Finland did not participate openly in Yudenich’s drive against Petrograd, although, indirectly, she did everything she could to help him succeed. In October and November we made no response whatsoever to the provocation of the Finnish chauvinists. The reason for this did not lie, of course, in any military weakness on the part of the Soviet Republic. In the centre of our country and on our victorious fronts, extending over several thousand versts, we could always have found two or three dozen regiments, that is, a force perfectly sufficient to beat out of our North-Western neighbours all desire to make an attempt, whether direct or indirect, upon Petrograd. If we firmly rejected the use of force, that was because we regard as most important the attainment and safeguarding of peace. We fight only where we are forced to fight, where we are not allowed to refrain from fighting – and we fight only so long as we are obliged to fight. The basic task of the Soviet Government lies wholly in the sphere of economic and cultural construction. Equally alien to the Soviet power are striving for territorial acquisitions and national oppression. Our entire policy in relation to Finland, Estonia, Latvia, Lithuania and Poland follows from our conviction that the existence of these countries is possible only if they maintain peaceful and good-neighbourly relations with Russia.
An Estonia or a Finland wishing to serve as a weapon of the imperialism of the great powers will inevitably be ground to dust between two millstones. A Finland and an Estonia at peace with Soviet Russia will be incomparably more independent in relation to all great-power aggressors.
We need peace. It is no less necessary for Estonia and Finland. But peace between us and them is not what is wanted by a certain third party. If the decisions taken at Dorpat express the will of the Estonian and Russian peoples, peace will be made, for the stronger side, Soviet Russia, does not want war. But if the decisions taken at Dorpat are dictated to the Estonian Government by the Anglo-French stock-exchange, for which Estonia is merely a tiny little weight in the scales of world power, their blood will flow beside the Narova.
The decision has not yet been taken. The Estonian government is hesitating. Nor has the danger yet vanished from the Karelian Isthmus, for the Finnish Government has not declared that it is ready for peace.
The danger has not disappeared. Therefore Petrograd must remain watchfully on guard over the North-Western approaches to the Soviet Republic. The time for rest has not yet come. On the contrary, the Soviet Republic is now passing through days of the greatest tension in most ferocious struggle.
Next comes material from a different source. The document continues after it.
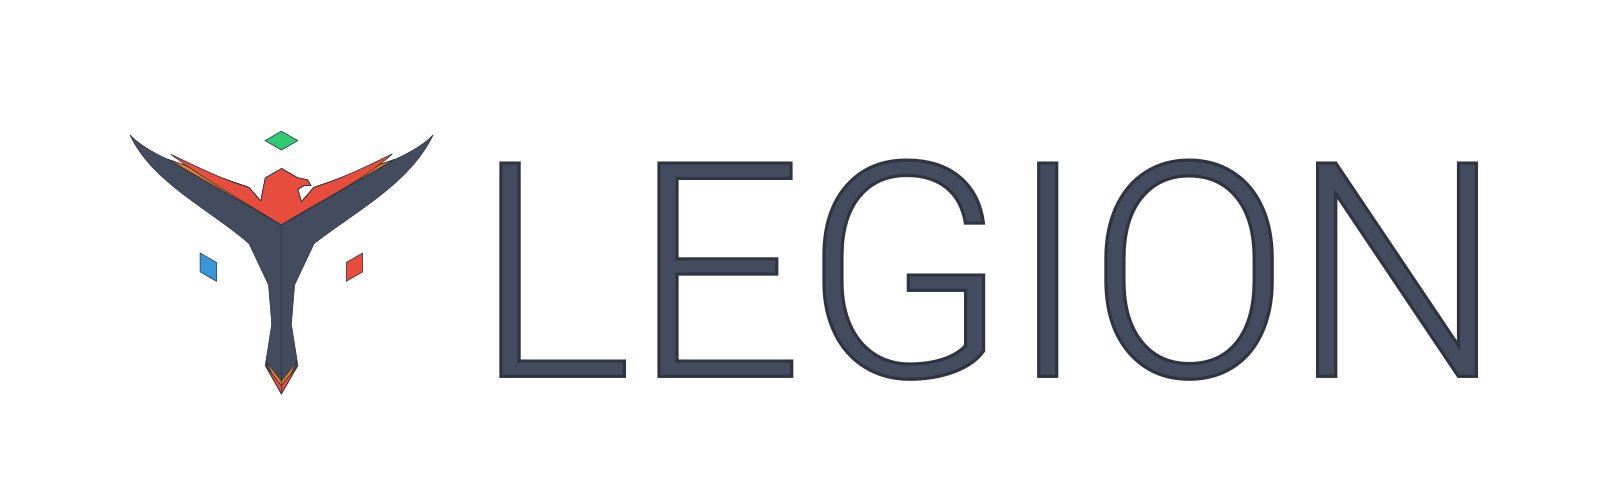 The Legion Engine logo

No less self-control is needed in time of success than in time of defeat. Success must not lull our vigilance on any of the sectors of our immense front, and least of all on that sector where, at the apex, stands Petrograd. The danger has not passed, and vigilance must not slacken.
Greetings to Petrograd, city of the Red Banner!
Greetings, and this appeal: Petrograd, be on your guard!
December 22, 1919
Moscow-Petrograd
- ↑ The peace treaty with Estonia was signed on February 2, 1920.